Mossback attends archeology training and becomes steeped in historical context. He learns how to knap, tries his hand at raft-weaving, and finds out that "discovery" is not always a good thing. Part 2

Second of two parts

Part of learning context is also to get a hands-on feel for things. Archaeologist Jeff Flenniken, who lead the week's training, is a former Washington State University professor and one of the world's leading experts on flintknapping, which is to say he knows everything there is to know about what happens when you pound rocks together, especially chipping flinty rocks to make arrowheads, spear points, and other hunting tools. This is some of the earliest man-made evidence we have of the Northwest's first inhabitants because little else has survived intact.

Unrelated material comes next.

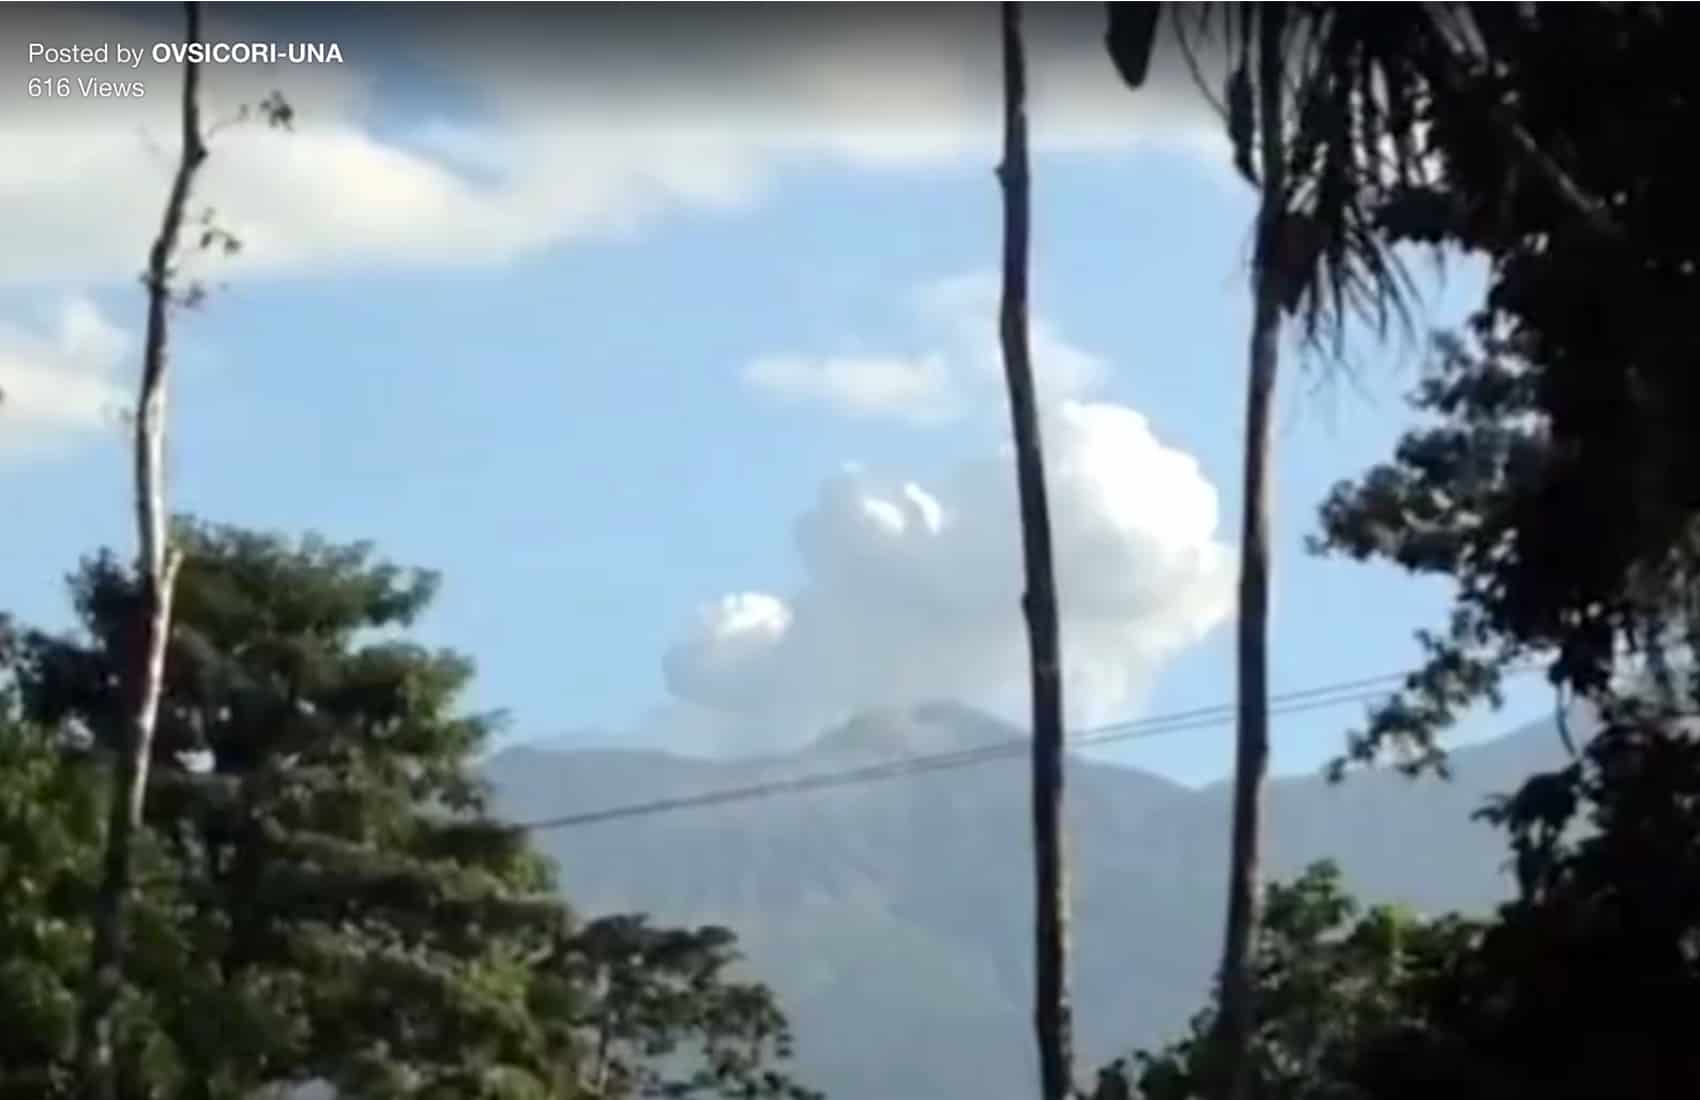 Eruption at Rincón de la Vieja Volcano, March 15, 2016.

Flenniken demonstrated the flintknapper's art one evening by taking a large hunk of volcanic, glass-like obsidian and pounding it with a round river stone into smaller and smaller chunks of what would eventually become a Clovis-style spear point, the kind of deadly weapon that brought down mastadons and other game. Flenniken is a big man with a gray Fu Manchu mustache, an Arkansas address, and passion when he talks about prehistoric man and his abilities. He's traveled the world, from Brazil to the Australian outback, to study ancient and modern flintknapping techniques. (To "knap," according to the Oxford English Dictionary, is to strike something with a short, hard blow, exactly what flintmakers do). He can make the chips fly and an arrowhead appear in no time.

Watching him work, I was struck by several things. One is that prehistoric man knew what he was doing in making a deadly, effective weapon that could bring down a supersized elk, bear, or maybe one of those 450-pound beavers that used to live in these parts. Another is that the the raw materials they are made from formed the basis of an extensive economy. Obsidian may have been one of our region's earliest exports. Flenniken says that Oregon stone has been found in Indian arrowheads, thousands of years old, dug up in Delaware.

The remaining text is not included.